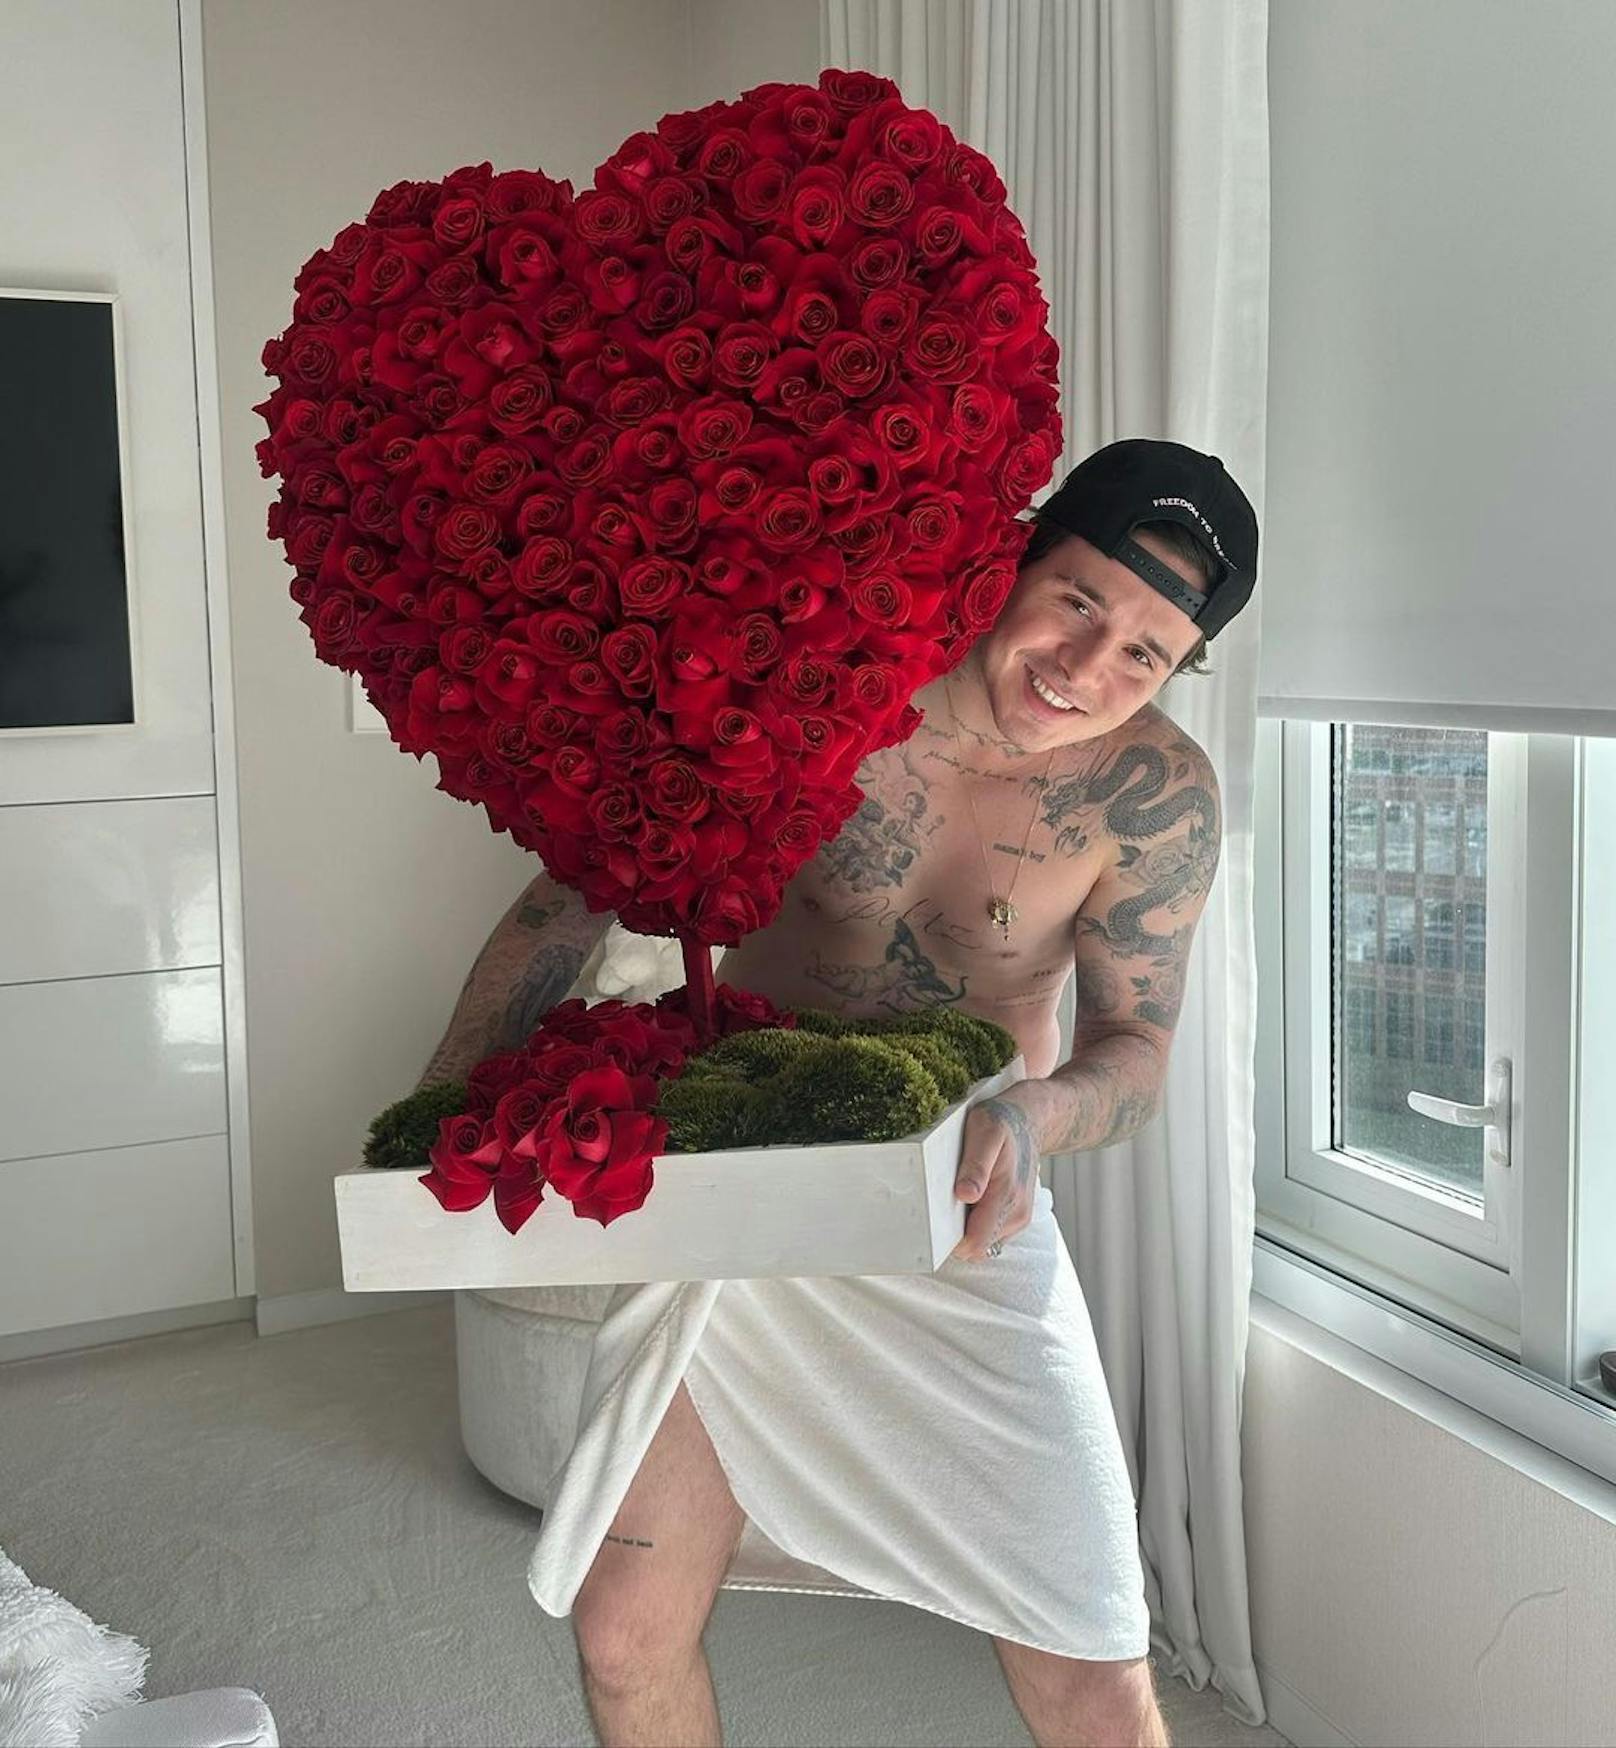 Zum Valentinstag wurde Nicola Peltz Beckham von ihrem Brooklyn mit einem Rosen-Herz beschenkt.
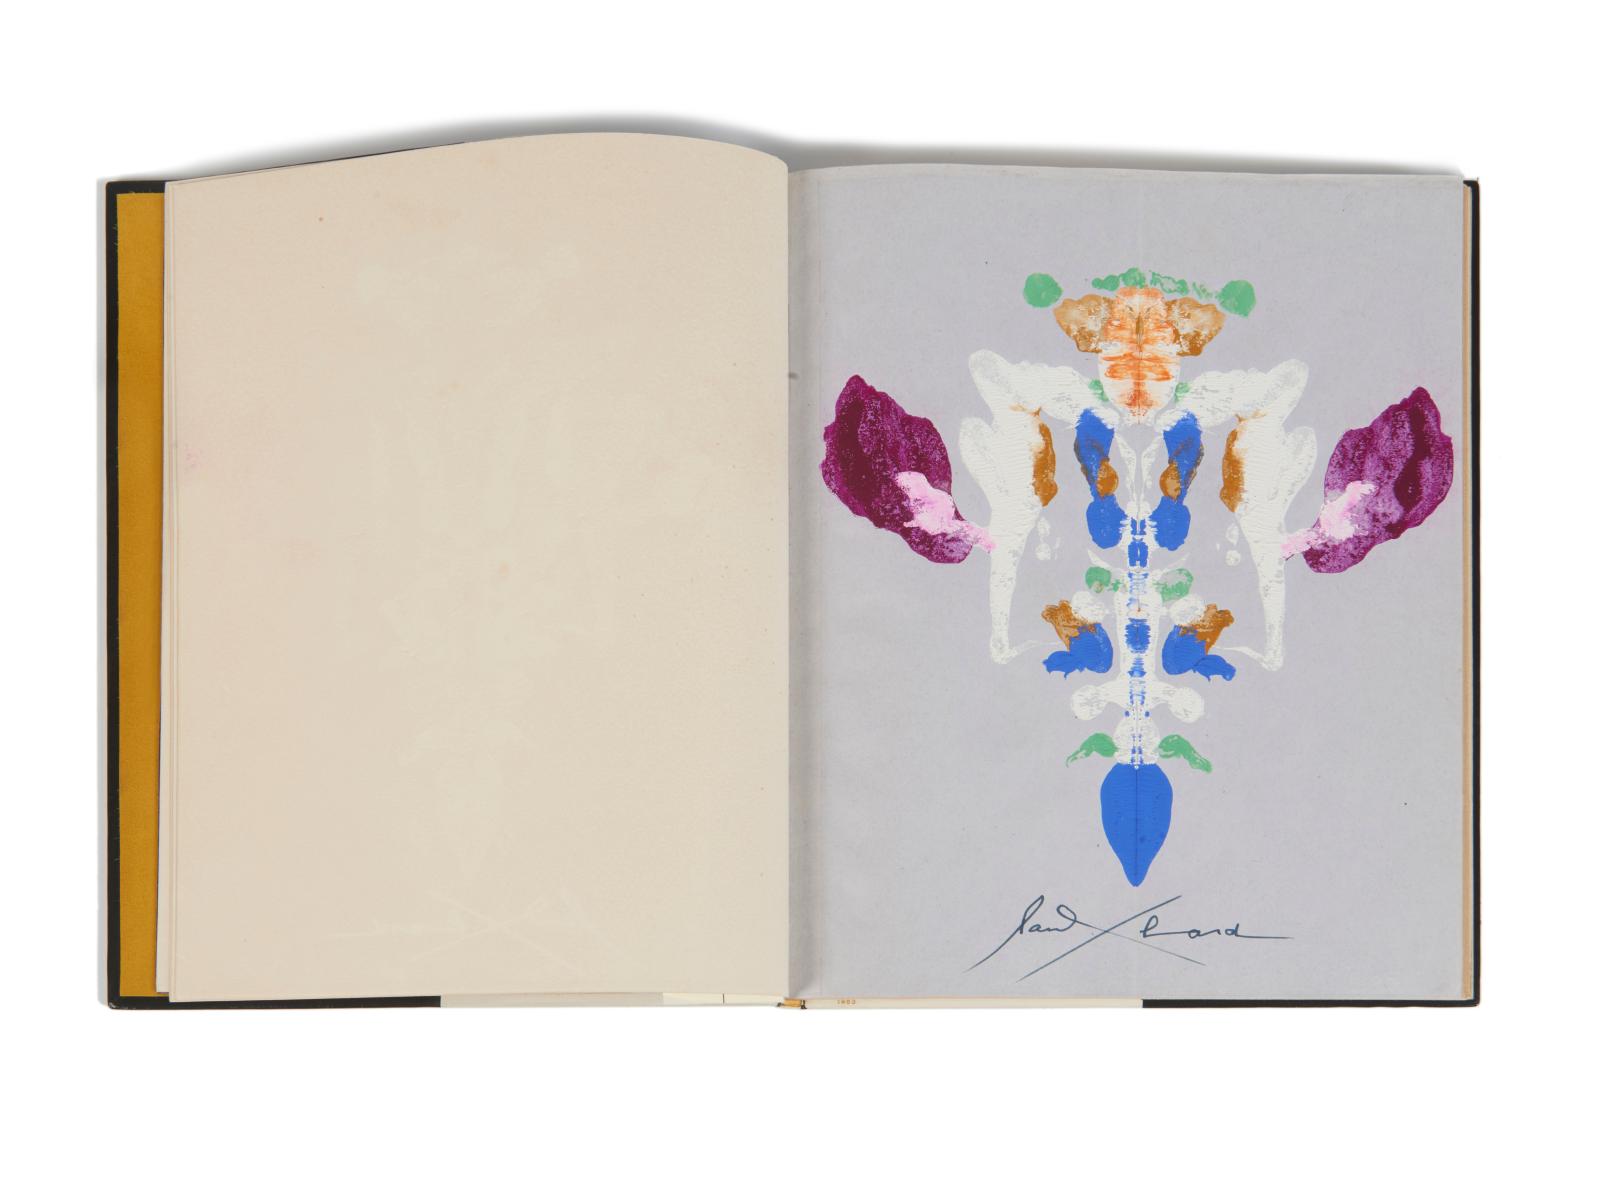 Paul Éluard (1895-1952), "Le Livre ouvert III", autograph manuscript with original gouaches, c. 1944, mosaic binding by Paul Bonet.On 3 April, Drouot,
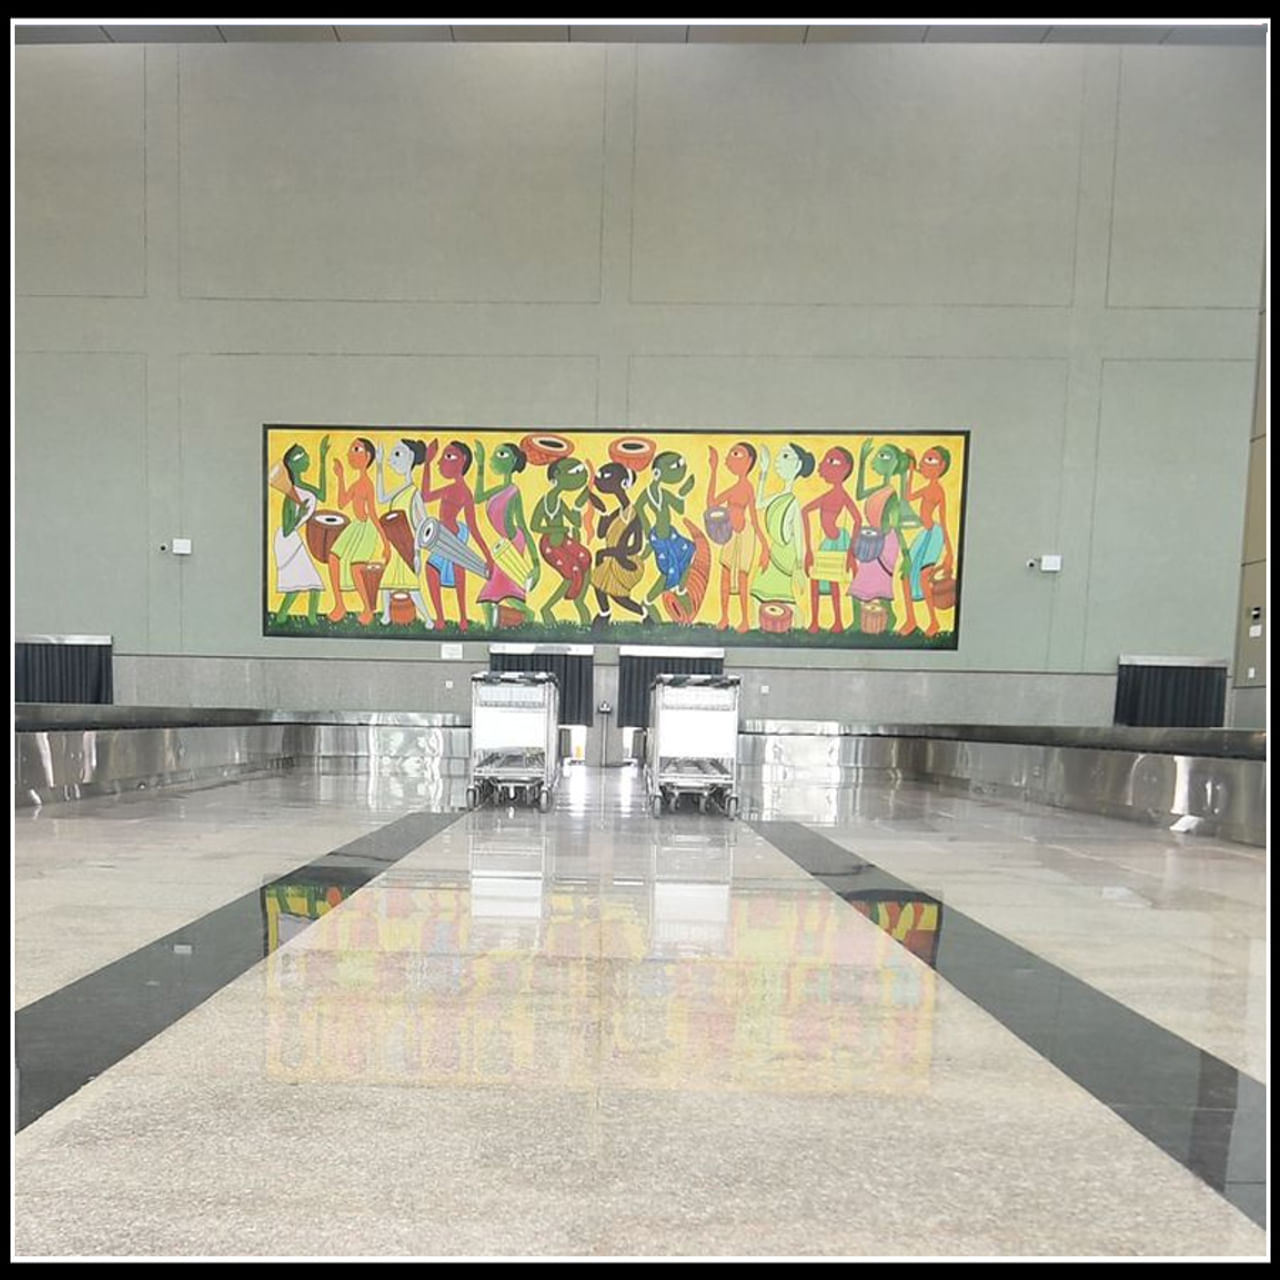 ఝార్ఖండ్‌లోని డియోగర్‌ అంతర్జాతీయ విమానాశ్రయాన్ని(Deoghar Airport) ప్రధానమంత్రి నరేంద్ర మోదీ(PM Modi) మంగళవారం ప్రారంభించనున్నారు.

Task brief
Pictures stay out; print everything else in the data exactly.

Answer box
 Zum Valentinstag wurde Nicola Peltz Beckham von ihrem Brooklyn mit einem Rosen-Herz beschenkt.
 Paul Éluard (1895-1952), "Le Livre ouvert III", autograph manuscript with original gouaches, c. 1944, mosaic binding by Paul Bonet.On 3 April, Drouot,
 ఝార్ఖండ్‌లోని డియోగర్‌ అంతర్జాతీయ విమానాశ్రయాన్ని(Deoghar Airport) ప్రధానమంత్రి నరేంద్ర మోదీ(PM Modi) మంగళవారం ప్రారంభించనున్నారు.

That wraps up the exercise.